Prendre soin de la blessure, tel est le rôle du poète, de l’écrivain, de l’artiste. Cela commence enfant par des objets que l’on berce, par la branche cassée que l’on garde, le nid si minuscule tombé de l’arbre auquel on ajoute un peu d’herbe et le genou, le genou qui saigne cesse soudainement de saigner à travers une voix. Magie de la voix, de cette lueur qui apaise, monde qui brille de l’intérieur. Théâtre qui invente des bijoux pour le cœur et l’esprit. L’œil s’ouvre, la main s’agrandit, la voix chante, la blessure au cœur du monde vibre dans la voix même du poète, brille de tous ses feux. Il en produit une matière solaire, une présence chaleureuse, une intimité retrouvée, un profond attachement. L’isolement de l’hiver, l’éloignement de l’ami, le cri de glace et les rubis s’inscrivent dans le livre. Autant de marques d’amour qui s’accrochent à la terre, à cette sphère qui roule entre les faisceaux lumineux du jour et de la nuit et que le poète traverse en poussant son noyau d’obscurité et de joie vers une forêt tropicale, vers un nouveau visage. Ainsi allume-t-il d’autres objets, une montagne sombre, un fjord, une lettre infinie qu’un autre poisson volant attrapera.

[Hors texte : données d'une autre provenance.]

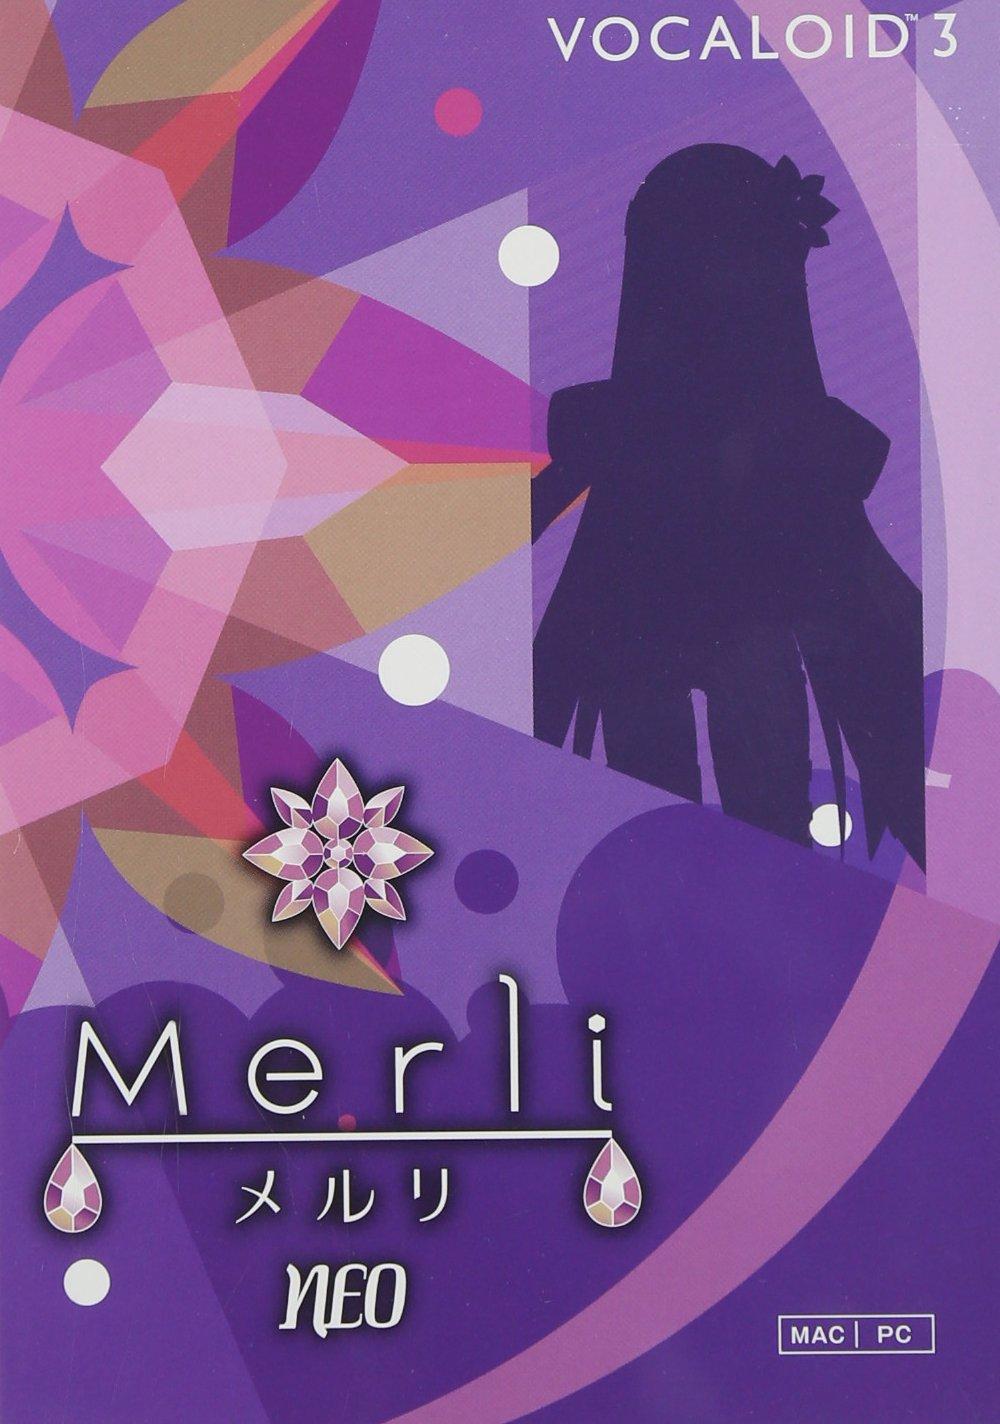 YAMAHA VOCALOIDTM3 Library Merli NEO (boxed version)

Cela a pour titre Histoire naturelle. Ce sera un long poème, il y aura des photographies. Un animal fabuleux me regardera dans les yeux. Des squelettes apparaîtront deux par deux, des serpents s’élèveront en lentes fumées, un platane recevra le vent, les oiseaux prendront des bains d’or et de thé, je parlerai du visage des plantes, des mains des grands-mères, de la tête d’un arbre tombée dans l’eau. Je dirai l’absence infinie et la nuit dans mes bras, les étoiles des villes, je dirai que je t’attends dans un coin du monde, je dirai les morts et les morts, l’histoire, et le ciel couché sur le dos de l’éléphant. Je dirai les mots encore et encore. Je dirai dors mon ange, repose-toi mon amour, et ce sera toujours ma voix et ce sera aussi paisible que l’herbe dans l’eau verte des blouses. Mais ce ne sera pas encore assez de beauté. Nous contemplerons les cornes et les osselets, la peau des tortues dans l’eau du soir. Je laisserai la tige de la plante monter, se pencher, j’en ferai une liane d’eau, je la laisserai pousser l’air. Pour toi, pour toujours, ce sera le don magique d’un fa mineur. Je te montrerai comment l’arbre et le nuage se séparent, à quelle lenteur regarder le monde et nous verrons ensemble les oranges tomber dans la gueule du lion, les oiseaux frémir sous la pluie, j’entrerai dans ta chambre, je verrai l’échelle, celle qui laisse passer les objets. Oui, les cheveux seront muets, tu verras que mon cou est un lieu petit, chaud et seul, puis nous regarderons la blessure. Nous nous approcherons du bleu, nous irons au bord, nous resterons tout près. Pas de larmes. Une scène de beauté et d’harmonie.